Retrieving All Equities

The retrieve_canonical_equities() function downloads and returns the complete dataset of canonical equities. This function automatically handles data retrieval and local database management, downloading the latest canonical equity dataset when needed.

from equity_aggregator import retrieve_canonical_equities

# Retrieve all canonical equities (downloads if database doesn't exist locally)
equities = retrieve_canonical_equities()
print(f"Retrieved {len(equities)} canonical equities")

# Iterate through equities
for equity in equities[:3]:  # Show first 3
    print(f"{equity.identity.symbol}: {equity.identity.name}")

Example Output:

Retrieved 10000 canonical equities
AAPL: APPLE INC
MSFT: MICROSOFT CORP
GOOGL: ALPHABET INC

Retrieving Individual Equities

The retrieve_canonical_equity() function retrieves a single equity by its Share Class FIGI identifier. This function works independently and automatically downloads data if needed.

from equity_aggregator import retrieve_canonical_equity

# Retrieve a specific equity by FIGI identifier
apple_equity = retrieve_canonical_equity("BBG000B9XRY4")

print(f"Company: {apple_equity.identity.name}")
print(f"Symbol: {apple_equity.identity.symbol}")
print(f"Market Cap: ${apple_equity.financials.market_cap:,.0f}")
print(f"Currency: {apple_equity.pricing.currency}")

Example Output:

Company: APPLE INC
Symbol: AAPL
Market Cap: $3,500,000,000,000
Currency: USD

Retrieving Historical Equity Data

The retrieve_canonical_equity_history() function returns historical daily snapshots for a given equity, optionally filtered by date range. Each nightly pipeline run appends a new snapshot, building a time series of financial metrics.

from equity_aggregator import retrieve_canonical_equity_history

# Retrieve all historical snapshots for Apple
snapshots = retrieve_canonical_equity_history("BBG000B9XRY4")
print(f"Retrieved {len(snapshots)} snapshots")

# Filter by date range (inclusive, YYYY-MM-DD)
recent = retrieve_canonical_equity_history(
    "BBG000B9XRY4",
    from_date="2025-01-01",
    to_date="2025-01-31",
)

for snapshot in recent:
    print(f"{snapshot.snapshot_date}: {snapshot.financials.last_price}")

Example Output:

Retrieved 90 snapshots
2025-01-01: 243.85
2025-01-02: 245.00
2025-01-03: 244.12

Note

All retrieval functions work independently and automatically download the database if needed, so there's no requirement to call retrieve_canonical_equities() first.

Data Models

All data is returned as type-safe Pydantic models, ensuring data validation and integrity. The CanonicalEquity model provides structured access to identity metadata, pricing information, and financial metrics.
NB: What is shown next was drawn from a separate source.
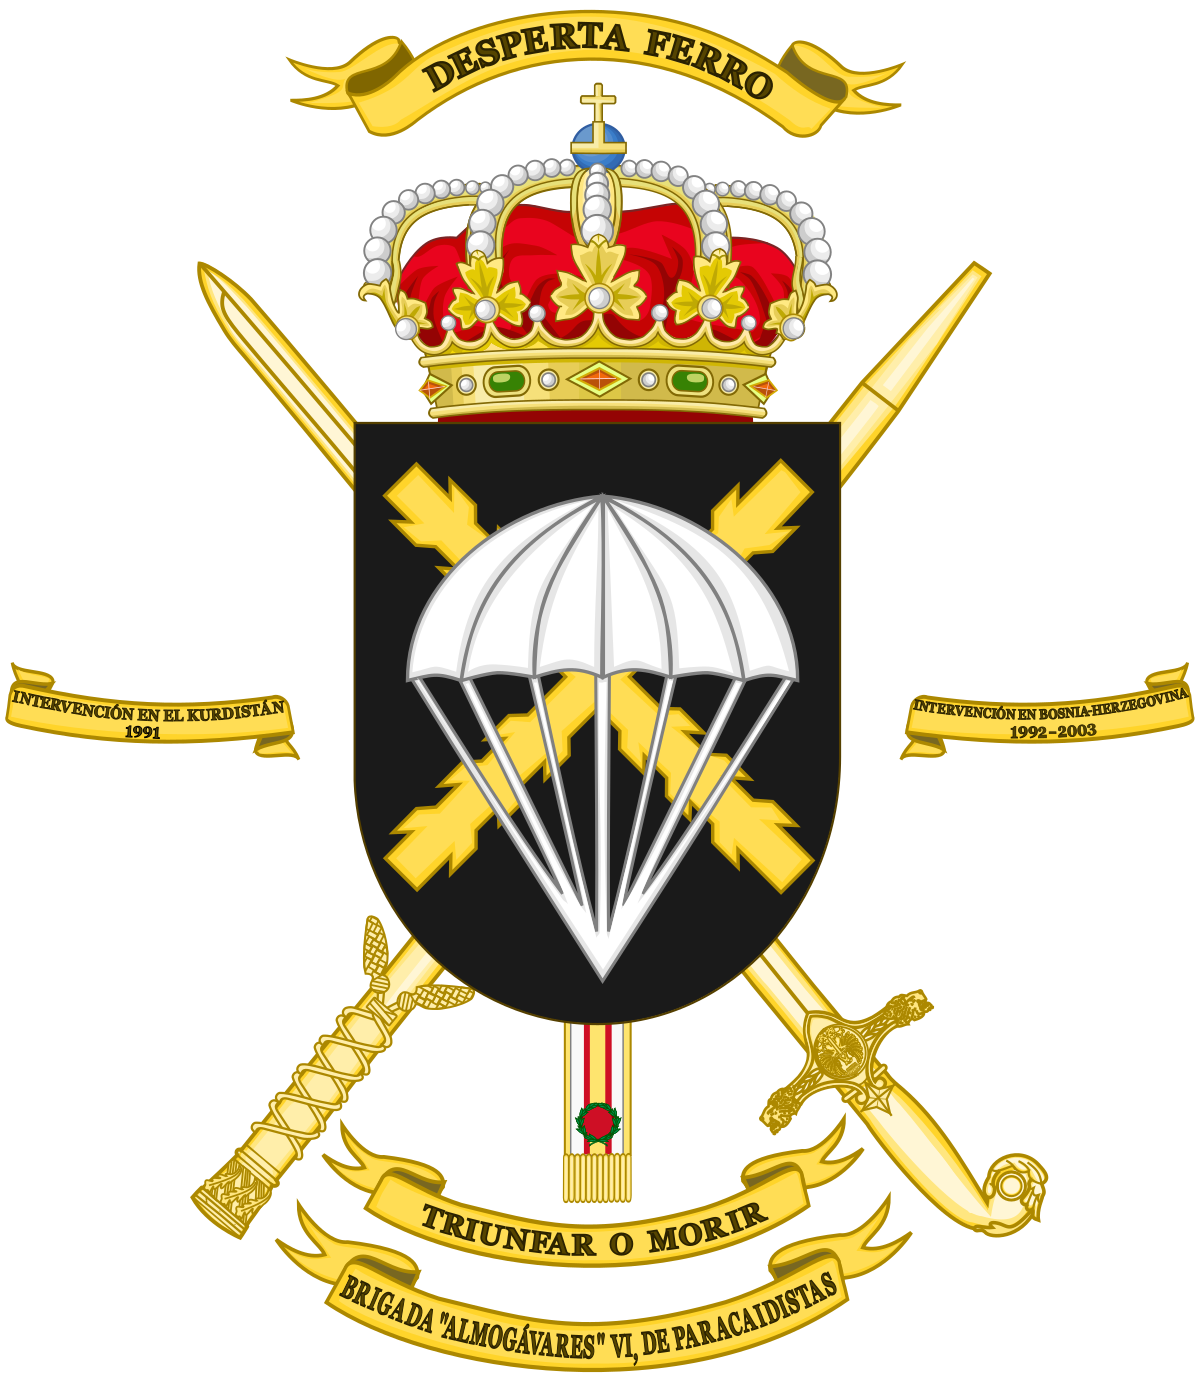 Paratrooper Brigade (Spain).

from equity_aggregator import retrieve_canonical_equity, CanonicalEquity

equity: CanonicalEquity = retrieve_canonical_equity("BBG000B9XRY4")

# Access identity metadata
identity = equity.identity
print(f"FIGI: {identity.share_class_figi}")
print(f"ISIN: {identity.isin}")
print(f"CUSIP: {identity.cusip}")

# Access financial metrics
financials = equity.financials
print(f"P/E Ratio: {financials.trailing_pe}")
print(f"Market Cap: {financials.market_cap}")

Example Output:

FIGI: BBG000B9XRY4
ISIN: US0378331005
CUSIP: 037833100
P/E Ratio: 28.5
Market Cap: 3500000000000

CLI Usage

Once installed, Equity Aggregator provides a comprehensive command-line interface for managing equity data operations. The CLI offers two main commands:

seed - Aggregate and populate the local database with fresh equity data
download - Download the latest canonical equity database from remote repository

Run equity-aggregator --help for more information:

usage: equity-aggregator [-h] [-v] [-d] [-q] {seed,download} ...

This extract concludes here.